Sensual sauce. Souvenir classics.

in GEMS4 years ago

"Words are of air, and go to air,
My tears are water, and they go to the sea,
When a love dies
You know little girl where it's going,
You know where it goes girl. "

Willie Colon / Gitana.

Greetings friends of Steemit.

I remember that from a very young age for various personal reasons, I lived from city to city, from house to house, from place to place for a certain season, only compared to the same gypsies. Likewise, this brought advantages and disadvantages, among the main advantages was meeting new people, new ways of thinking, new ideals, new tastes that in some way influenced me.

Peru, which although it is an Andean country is characterized by its miscegenation, not only racial but also cultural, and of course the music does not escape this. It is so, that within these new tastes, music was a field that surprised me because as a child I will have heard all genres (own and foreign), without prejudice, that I unknowingly became a music lover.

If we review my previous post, you will appreciate some dedicated to music, each one of a different genre. This time I want to make a small compilation of music and singers that made great a genre that has accompanied us during good and bad times, the "sensual Salsa"; that until today this sauce camouflages our romanticism with those danceable and seductive rhythms.

When I started this post I shared a fragment of the lyrics of the song, Gitana, by Willie Colon to see if you, like me, noticed when you heard it so many times, the similarity (practically the same) that it has to some verses by Gustavo Adolfo Becquer , Rhyme XXXVIII to be exact, observe and draw your conclusions:

Sighs are air and go to the air!
Tears are water and go to sea!
Tell me, woman, when love is forgotten,
Do you know where it goes?

Now, I make this simile appear not with the intention of criticizing, but, quite the contrary; I wish today's music and songs, those massive genres especially, would copy existing cool lyrics and complement what they call music. Although I am also of this generation, although in my house I do not hear the massive genres, I have to admit that I do enjoy that music in society, but you always want more. However, that did give us the sauce of yesteryear, with sensual lyrics, dances close to romance and melodies that inspired us in the art of seducing and loving.

How can we not remember that great boom from the 70s to the 90s, such a heyday that left us a range of salseros that emerged throughout Latin America.

How to forget great Venezuelan exponents such as Don Óscar de León, Erick Franchesky, Hildemaro, even the youth movement like Los Adolescentes, although not at the level of those already mentioned, delighted us with their good sensual sauce. Orchestras that emerged in Colombia such as Niche, Los Titanes, Colombian groups that made us feel (sentimental) even to men. And a point apart are Alberto Barros, composer and singer; Galy Galiano's tremendous romantic; and it was necessary to mention the great Joe Arroyo.

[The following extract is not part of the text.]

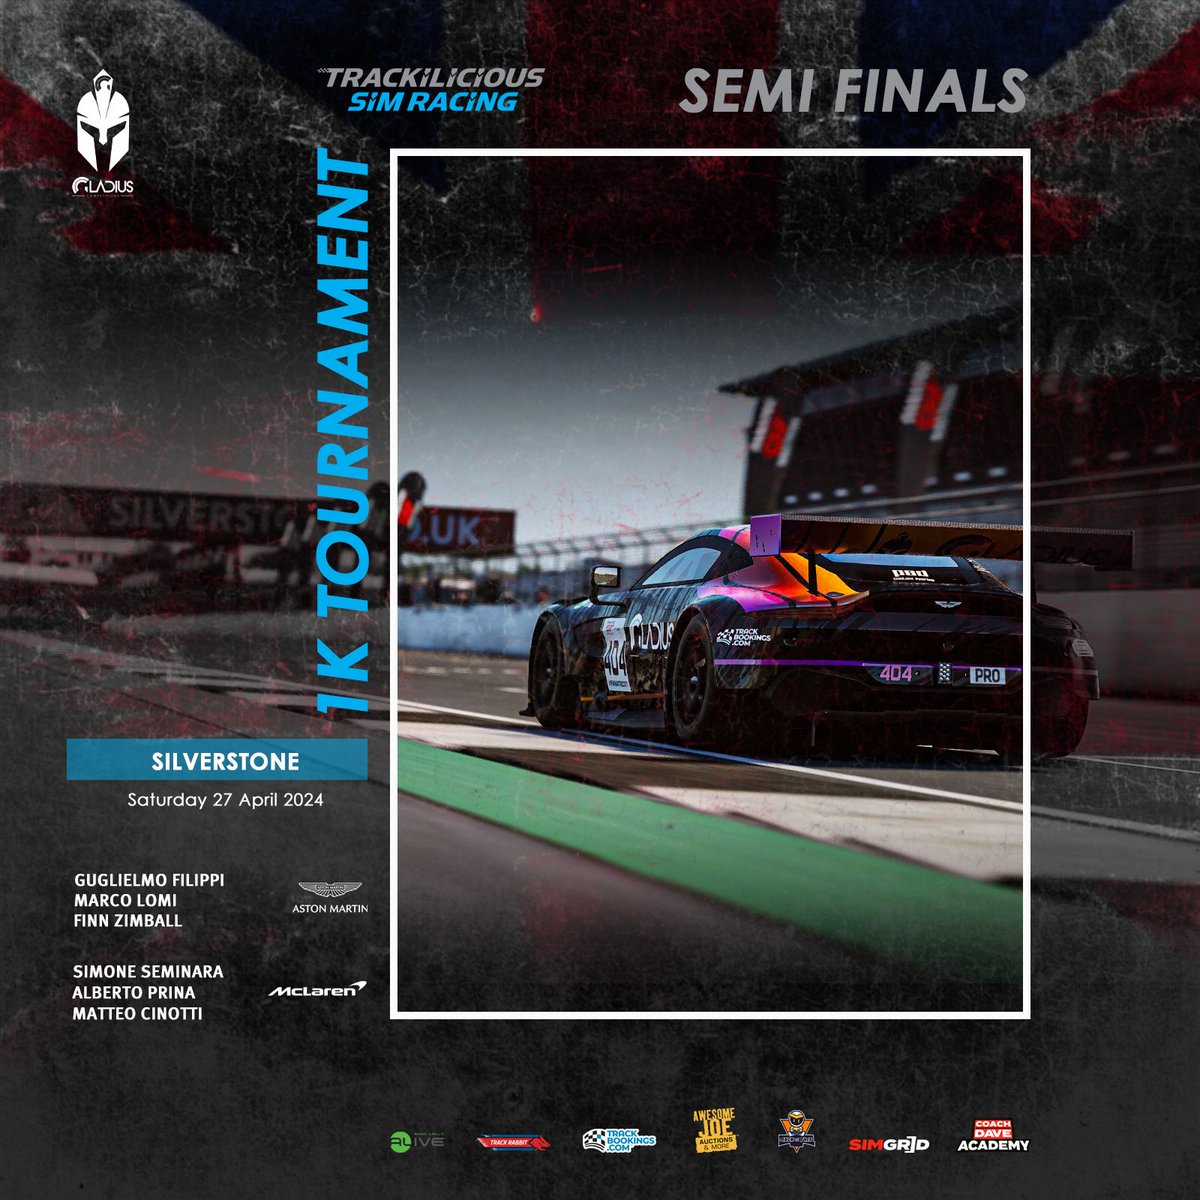 1K Tournament by @trackilicious1 , we're in the semifinals with 2 teams @sim_grid Racing on @AC_assettocorsa Competizione Live On I twitch.tv/TRACKILICIOUS

Although it is true, these few lines will not be enough to name the whole maelstrom of salsa exponents that Puerto Rico has given birth to, but I have to mention a few. Monsters of the genre that are no longer today, such as "The Dad of salsa" Frankie Ruiz and "the singer of singers" Hector Lavoe, even from above continue to make us feel and dance.

So many great Puerto Rican exponents such as Gilberto Santa Rosa, Willie Colón, Paquito Guzmán, Eddie Santiago, Willie González, Maelo Ruiz, Tony Vega, La India, Jerry Rivera among other great exponents of classic sensual salsa. I do not forget to mention, to the best of the Panamanian salseros, Rubén Blades.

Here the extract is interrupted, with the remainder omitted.